* _ACTIVITY_
Please write out exactly the line containing "Rektor ved Nansenskolen, Dag" below and every line after it, through the last one, but leave out any pictures.

* _DATA SECTION_

BEGIN

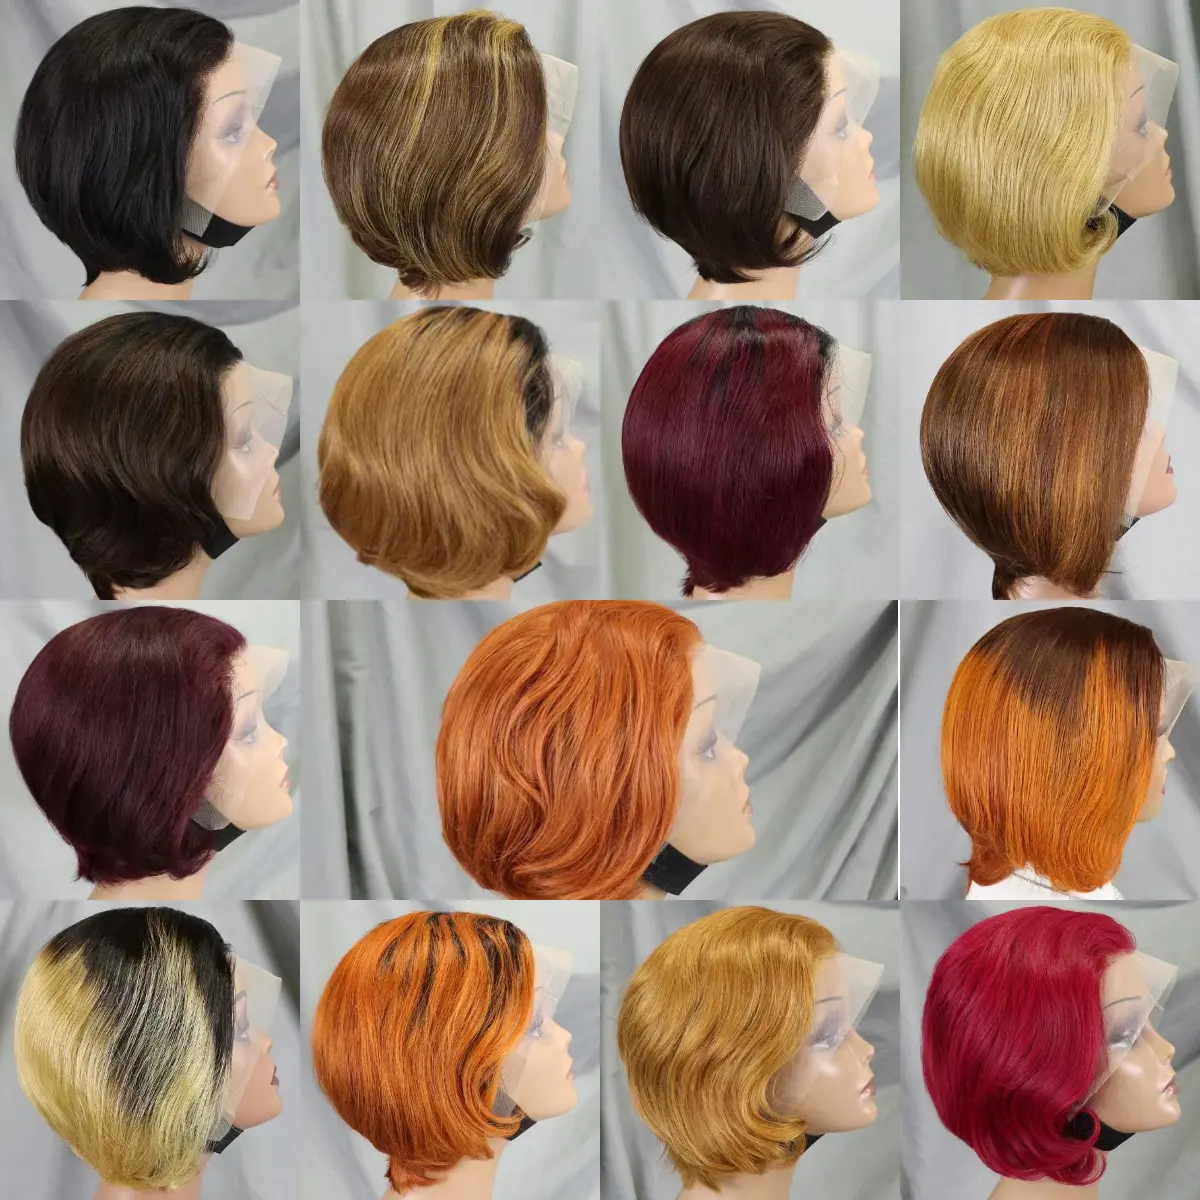 Commercio all'ingrosso indiano vergine zenzero arancione 13x4 parrucca anteriore in pizzo trasparente dritto corto Pixie Cut parrucche dei capelli umani per le donne nere
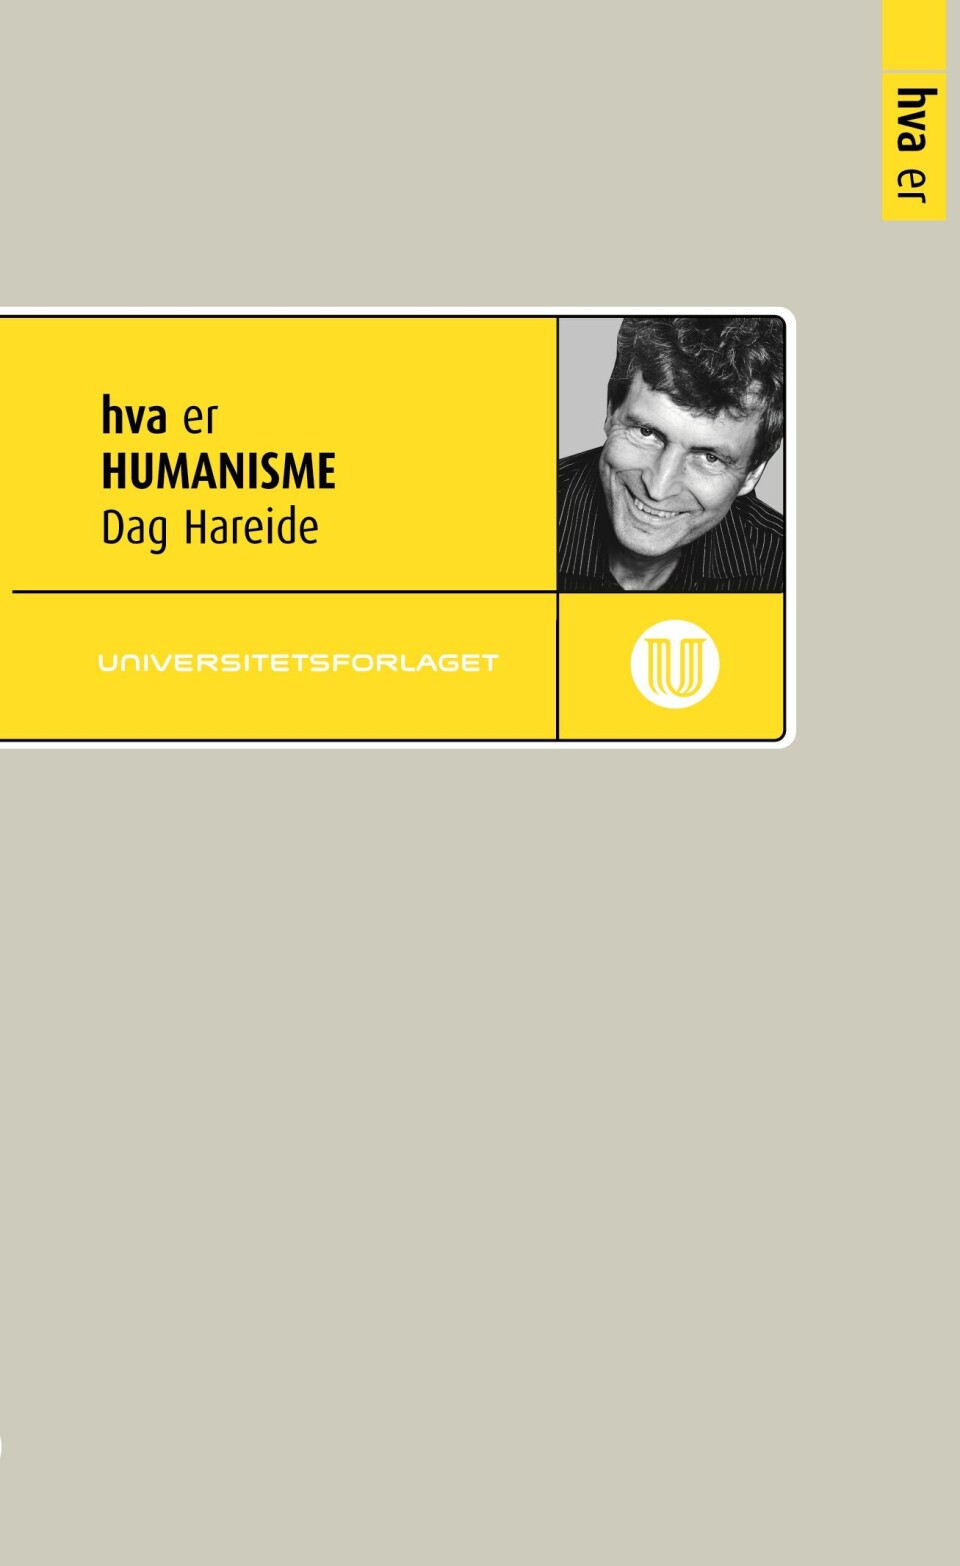 Rektor ved Nansenskolen, Dag Hareide er aktuell med boken Hva er humanisme (Universitetsforlaget 2011)
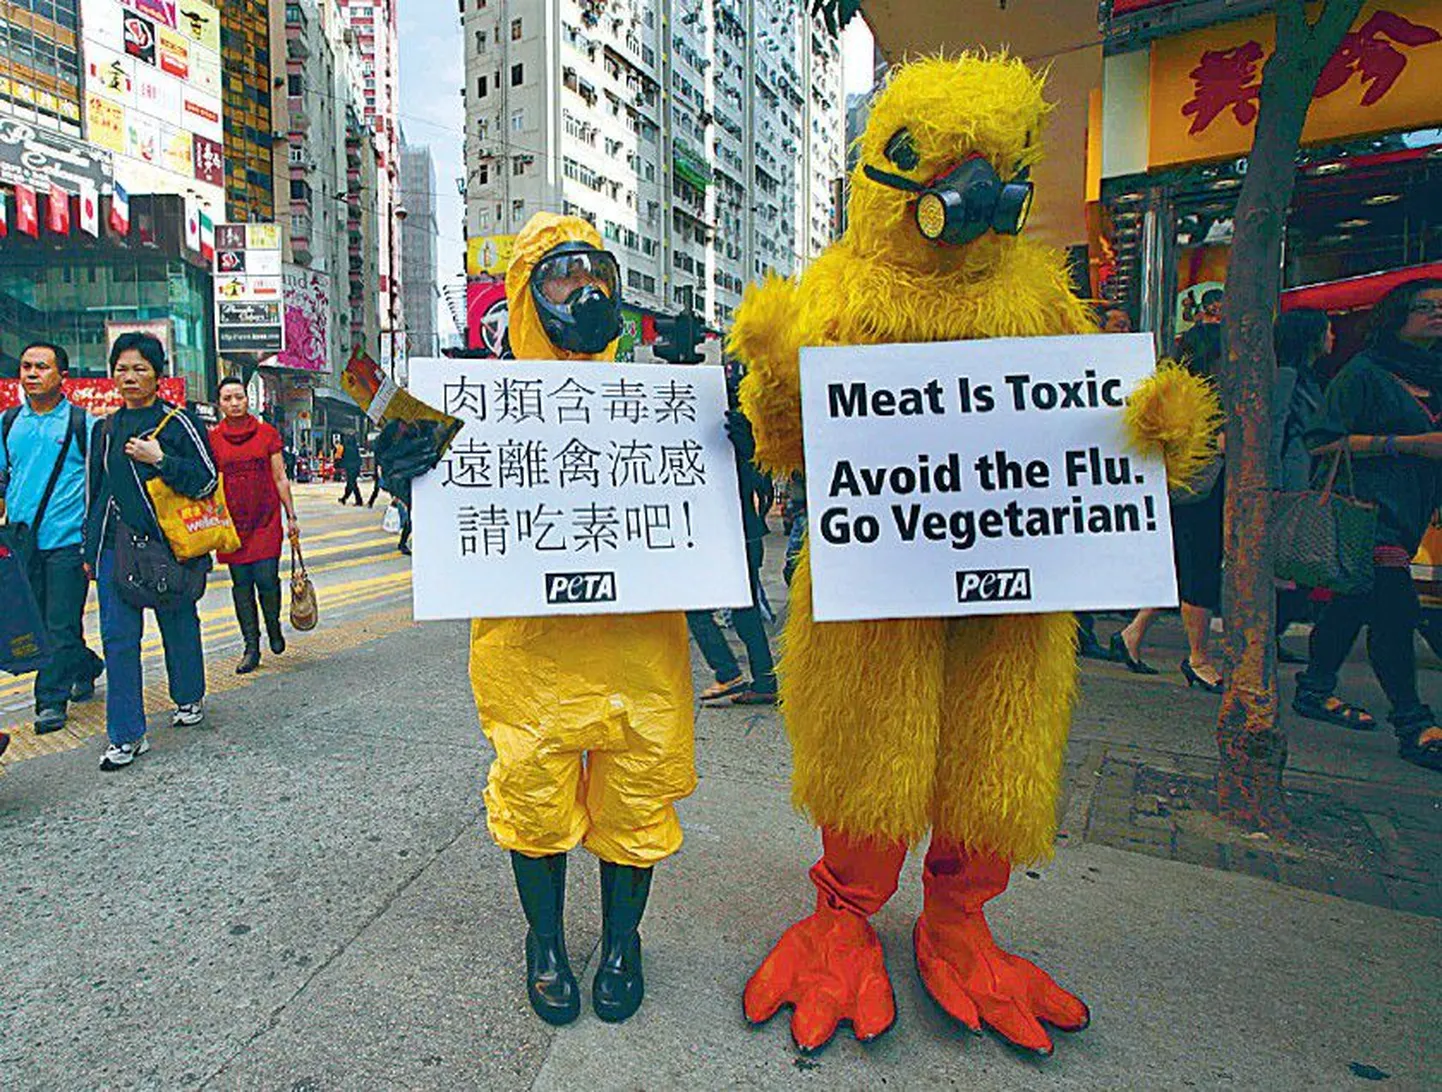 PETA loomakaitseaktivistid korraldasid novembris Hongkongis pärast üht linnugripijuhtumit lihasöömisevastase protestiaktsiooni.

END

* _RESPONSE AREA_
 Rektor ved Nansenskolen, Dag Hareide er aktuell med boken Hva er humanisme (Universitetsforlaget 2011)
 PETA loomakaitseaktivistid korraldasid novembris Hongkongis pärast üht linnugripijuhtumit lihasöömisevastase protestiaktsiooni.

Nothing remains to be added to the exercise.